Rfc | 4522 |
Title | Lightweight Directory Access Protocol (LDAP): The Binary Encoding
Option |
Author | S. Legg |
Date | June 2006 |
Format: | TXT, HTML |
Status: | PROPOSED
STANDARD |
|
Network Working Group S. Legg
Request for Comments: 4522 eB2Bcom
Category: Standards Track June 2006
Lightweight Directory Access Protocol (LDAP):
The Binary Encoding Option
Status of This Memo
This document specifies an Internet standards track protocol for the
Internet community, and requests discussion and suggestions for
improvements.

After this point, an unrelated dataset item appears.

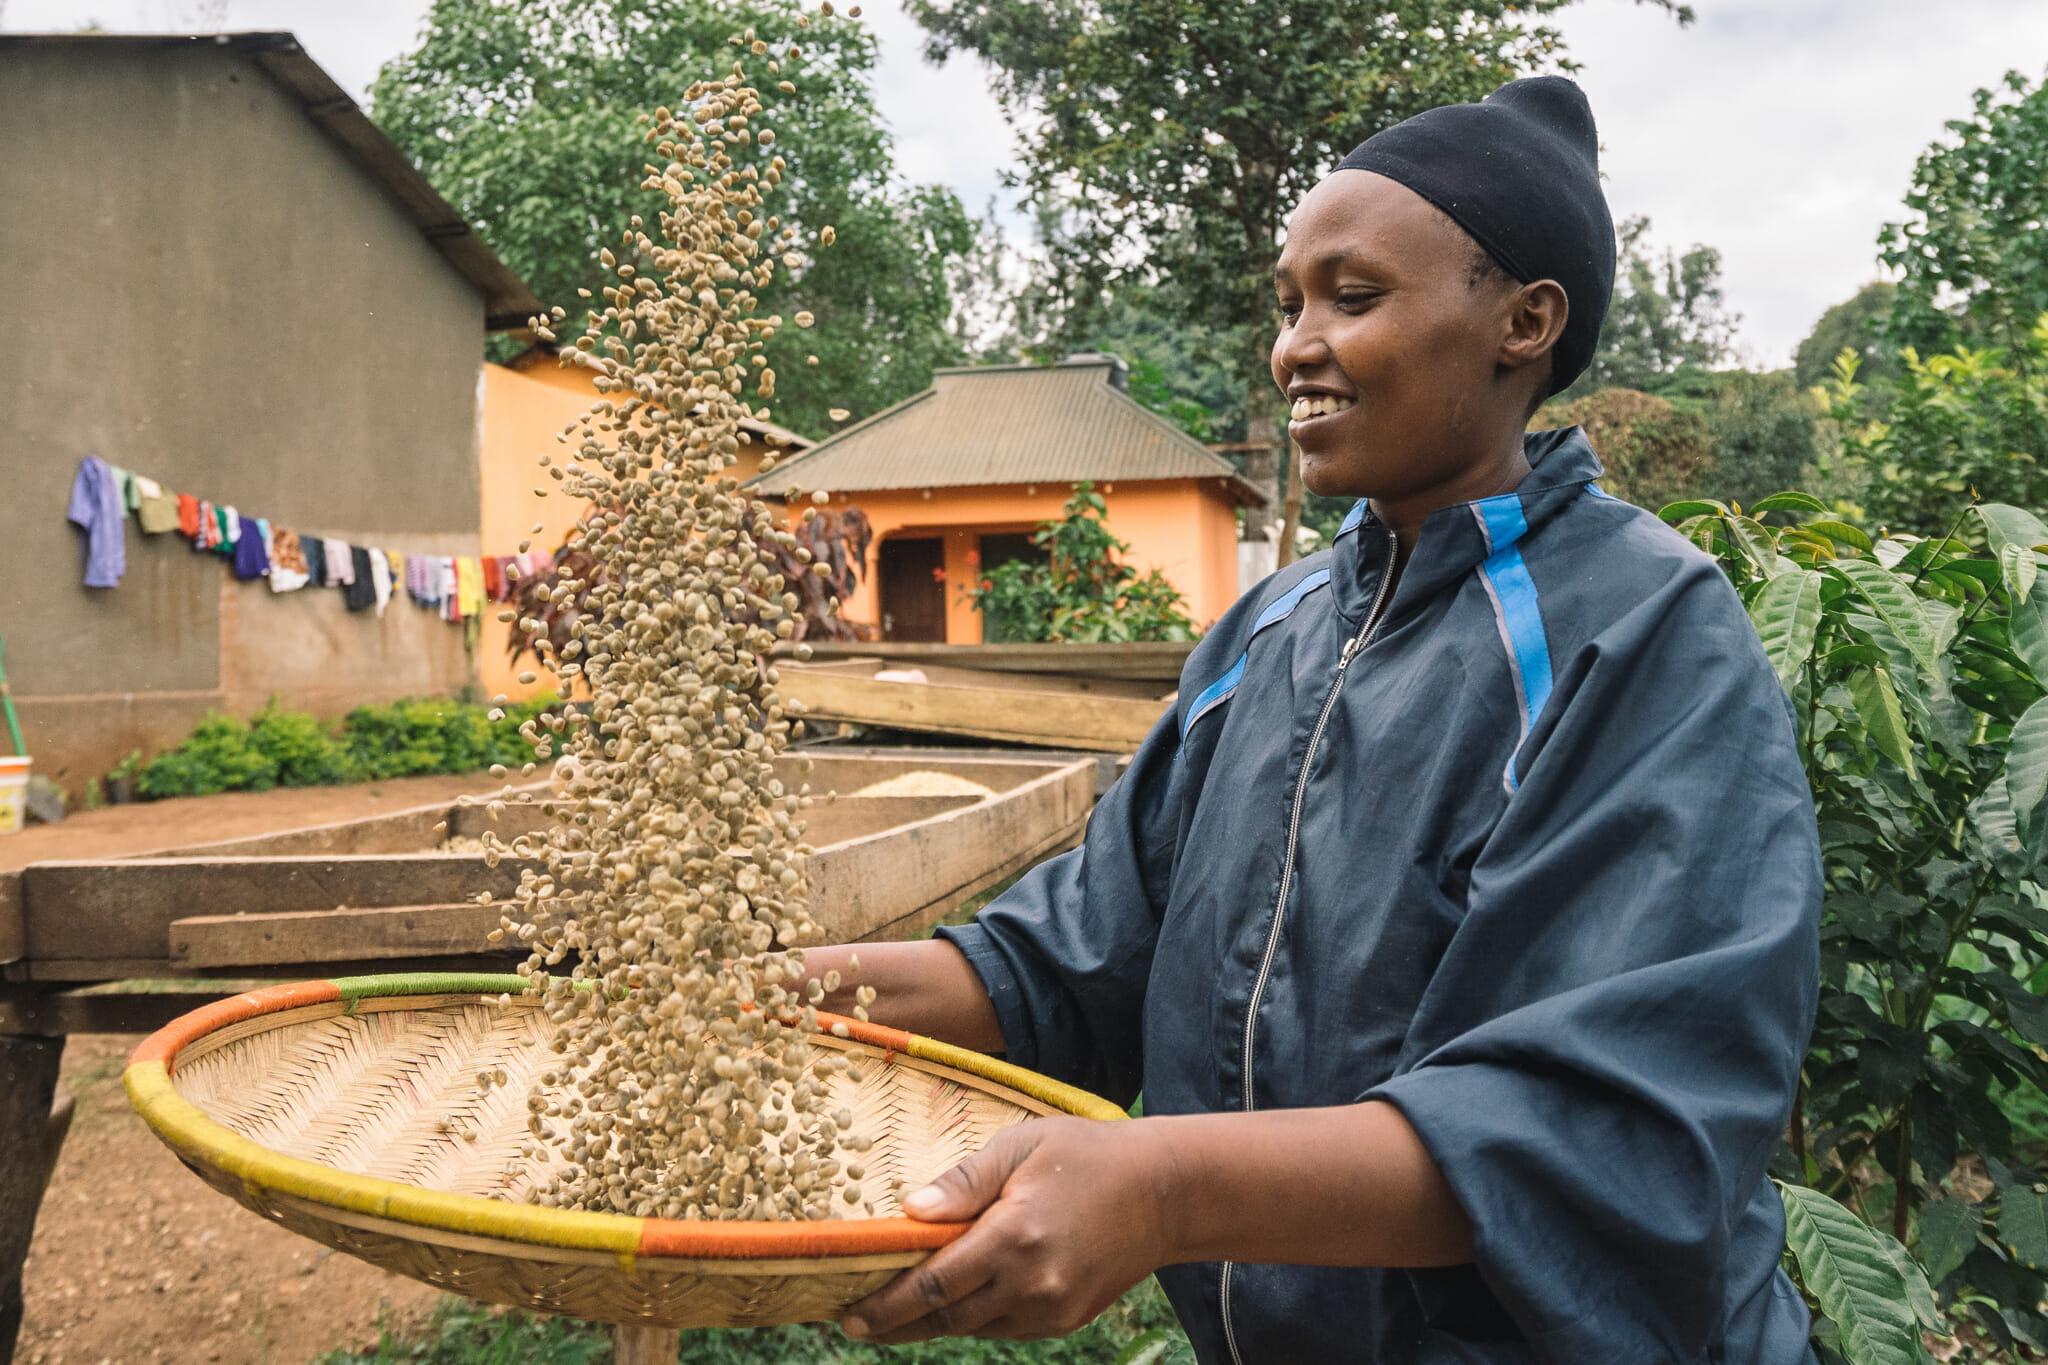 Fondatrice de la ferme de café familiale en Tanzanie

Please refer to the current edition of the "Internet
Official Protocol Standards" (STD 1) for the standardization state
and status of this protocol. Distribution of this memo is unlimited.
Copyright Notice
Copyright (C) The Internet Society (2006).
Abstract
Each attribute stored in a Lightweight Directory Access Protocol
(LDAP) directory has a defined syntax (i.e., data type). A syntax
definition specifies how attribute values conforming to the syntax
are normally represented when transferred in LDAP operations. This
representation is referred to as the LDAP-specific encoding to
distinguish it from other methods of encoding attribute values. This
document defines an attribute option, the binary option, that can be
used to specify that the associated attribute values are instead
encoded according to the Basic Encoding Rules (BER) used by X.500
directories.
Table of Contents
1. Introduction ....................................................2
2. Conventions .....................................................2
3. The Binary Option ...............................................2
4. Syntaxes Requiring Binary Transfer ..............................3
5. Attributes Returned in a Search .................................4
6. All User Attributes .............................................4
7. Conflicting Requests ............................................5
8. Security Considerations .........................................5
9. IANA Considerations .............................................5
10. References .....................................................5
10.1. Normative References ......................................5
10.2. Informative References ....................................6
1. Introduction
Each attribute stored in a Lightweight Directory Access Protocol
(LDAP) directory [RFC4510] has a defined syntax (i.e., data type)
which constrains the structure and format of its values.
The description of each syntax [RFC4517] specifies how attribute or
assertion values [RFC4512] conforming to the syntax are normally
represented when transferred in LDAP operations [RFC4511]. This
representation is referred to as the LDAP-specific encoding to
distinguish it from other methods of encoding attribute values.
This document defines an attribute option, the binary option, which
can be used in an attribute description [RFC4512] in an LDAP
operation to specify that the associated attribute values or
assertion values are, or are requested to be, encoded according to
the Basic Encoding Rules (BER) [BER] as used by X.500 [X.500]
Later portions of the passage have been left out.